Stephan said nothing and I waited, feeling the thump of my heartbeat and listening to the gentle wash of the sea. This conversation wasn’t going as I’d expected. Why was Quinton quibbling over the money?

‘Do we have a deal, Mr Quinton?’

‘Miss Morgan here told me something very interesting about you. Unexpected, you might say, but definitely interesting.’ He looked at Alice. ‘Didn’t you, sweetheart?’

She kept her gaze out to sea, not meeting my eye. I couldn’t believe it of her. Surely, she hadn’t told him my secret.

‘I’m sorry, Leo,’ she said, hardly loudly enough to hear. ‘I didn’t have a choice. Mother told him you’d visited my house. It’s why … ’ She pointed to her bruised eye.

Quinton rubbed his hands together. ‘I don’t like my property being messed with, see. Another man enjoying the meal I’ve bought and paid for.
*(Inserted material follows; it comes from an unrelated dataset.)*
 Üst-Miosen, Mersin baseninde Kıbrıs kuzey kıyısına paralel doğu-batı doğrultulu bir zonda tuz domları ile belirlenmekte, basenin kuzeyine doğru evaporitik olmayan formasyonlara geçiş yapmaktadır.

That ain’t right. So, when I saw you mooning after Alice at the Hippodrome, well … I may have lost my temper. But then she tells me you’re really a female, and that’s altogether different. Girls will be girls.’ He examined me, top to toe and back again. ‘Wouldn’t have believed it before, but now … yes, maybe. Under that bloody awful suit there’s a cunny and a pair of dugs.’ He licked his lips, and I felt a shiver run between my shoulder blades.
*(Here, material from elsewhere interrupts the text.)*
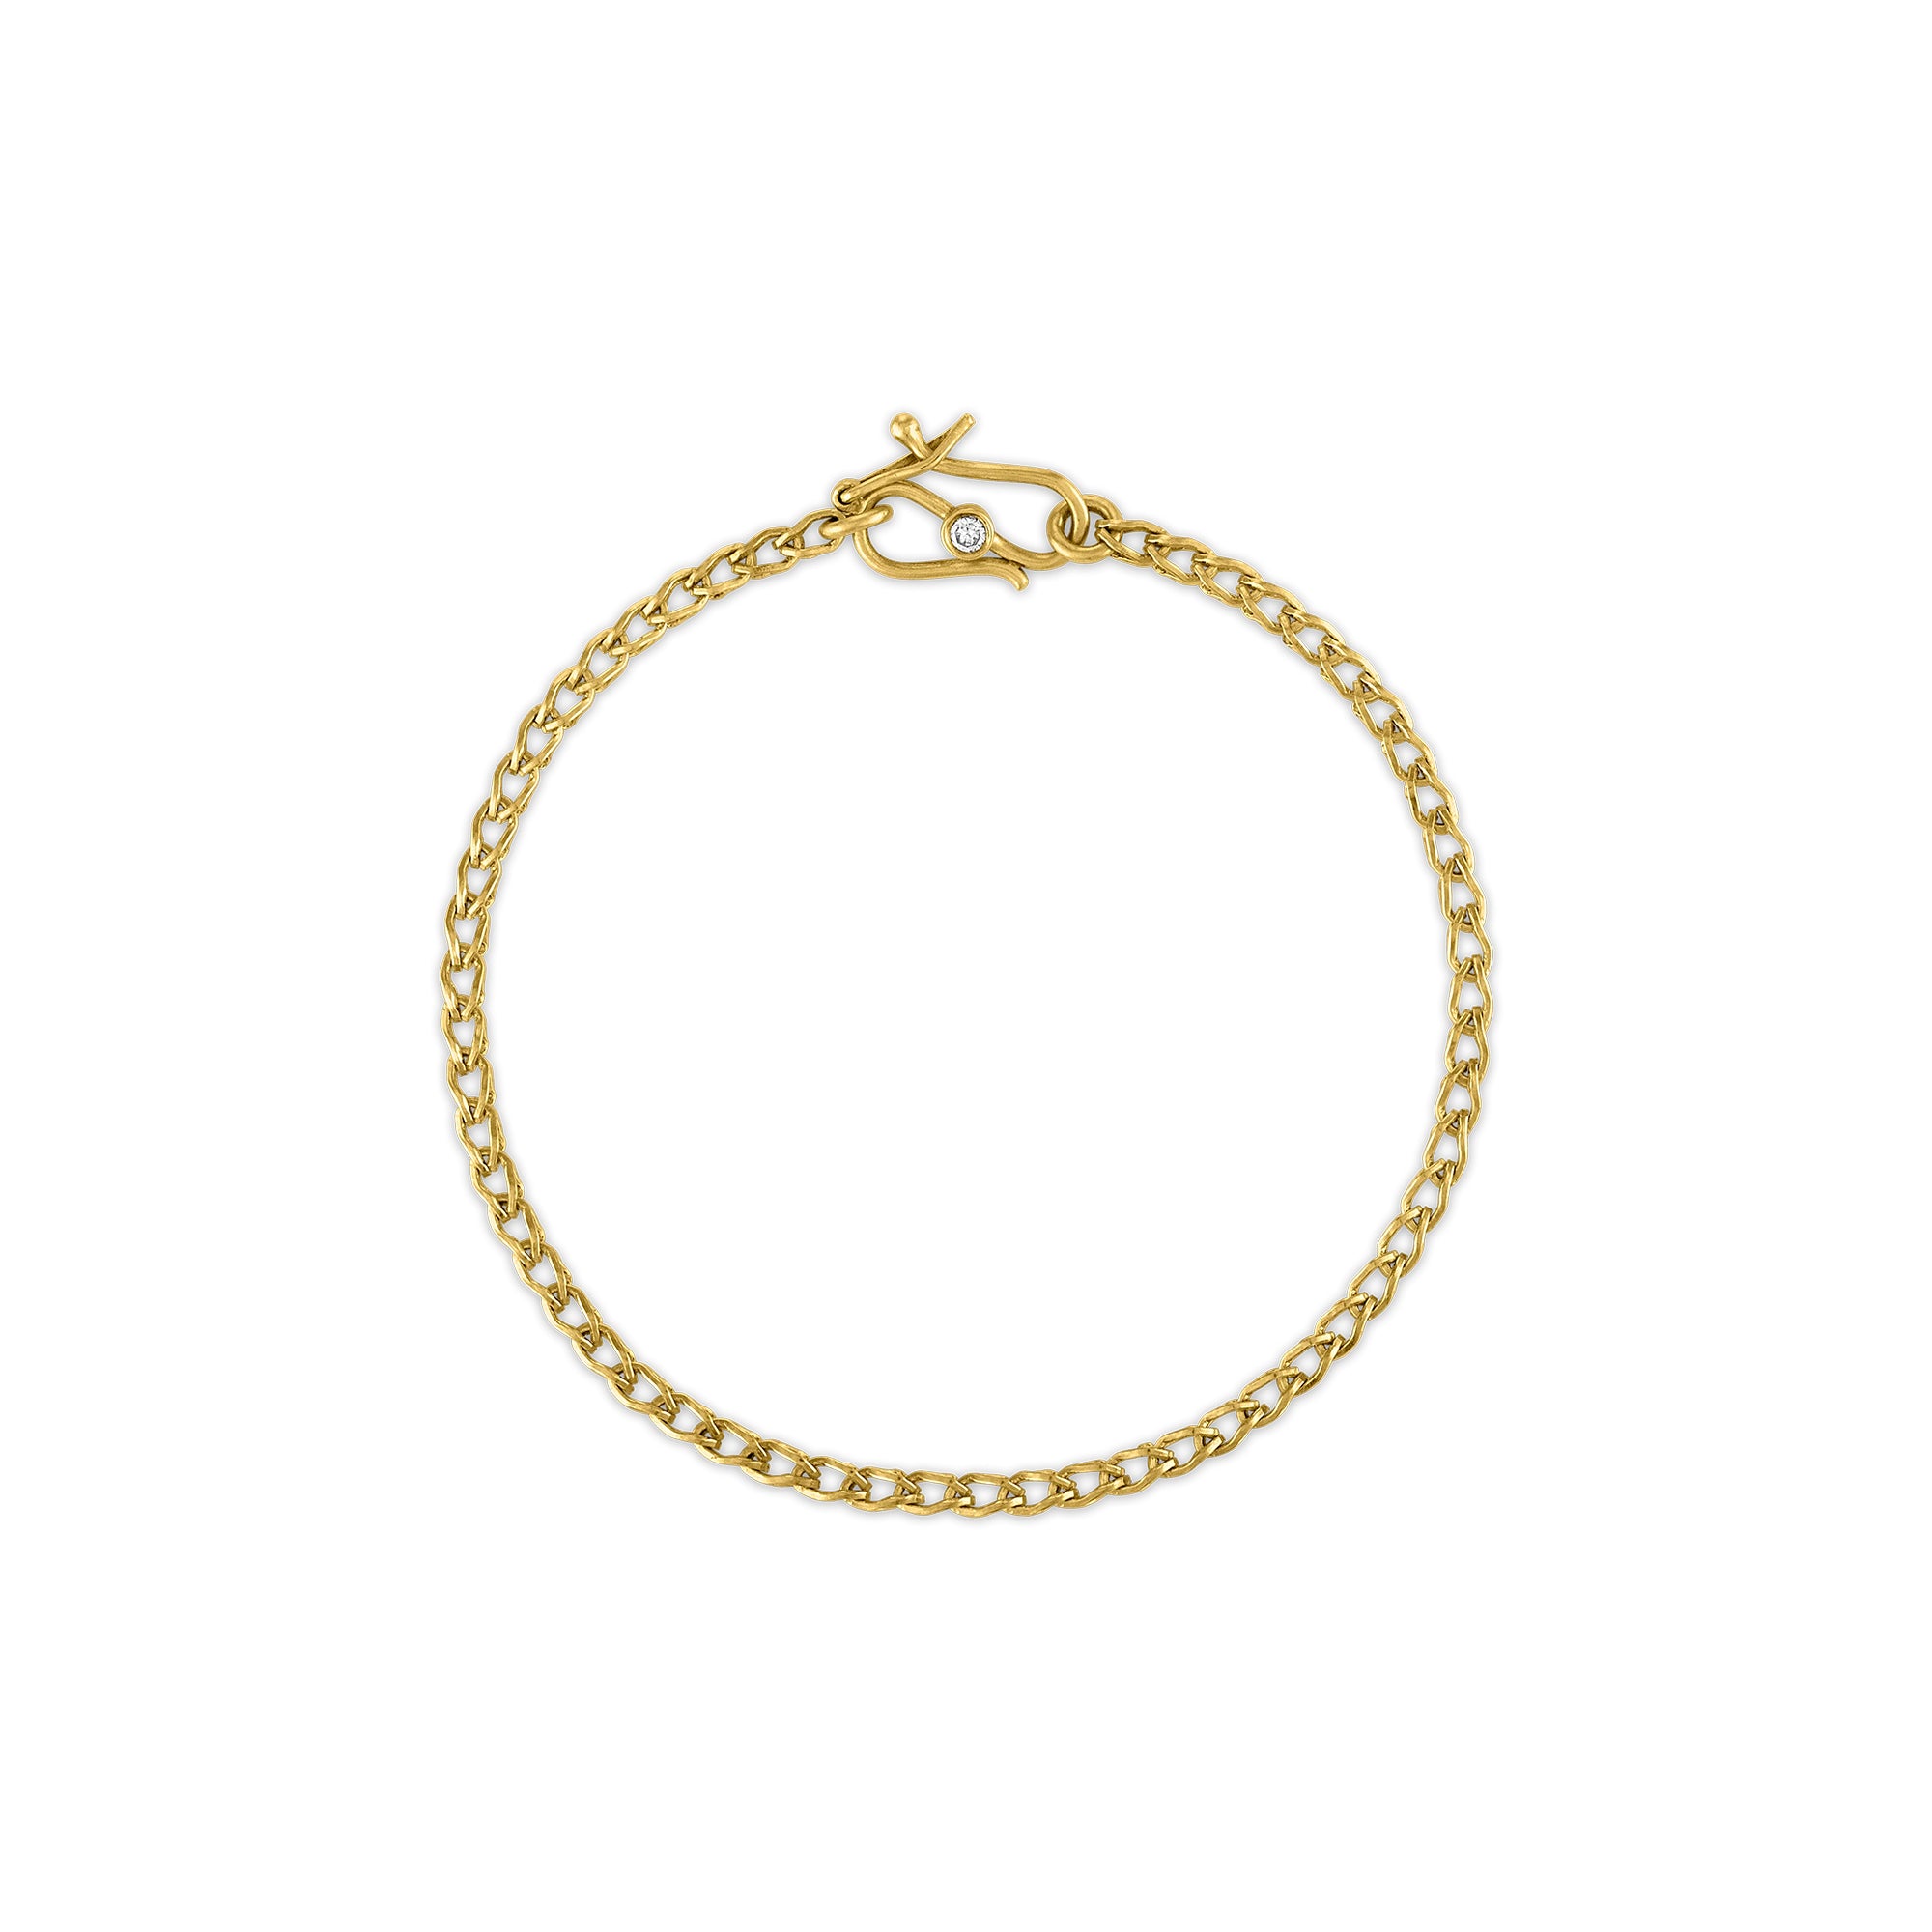 Solo Loop-in-Loop Chain Bracelet

‘Do we have a deal?’ I said again. I could hear my voice shaking.

‘No, we do not. See, there are a couple of problems with your proposal. First, a ruby that size would certainly be worth a lot more than two hundred pounds. But it’s not a ruby.’ His expression turned almost to one of pity. ‘I’m sorry, but did you seriously think I’d let Miss Morgan wear it around her neck in public if it was a real ruby? Not a chance. Christ, if she’d lost something of that value, I’d have left her by the bridge to bleach.’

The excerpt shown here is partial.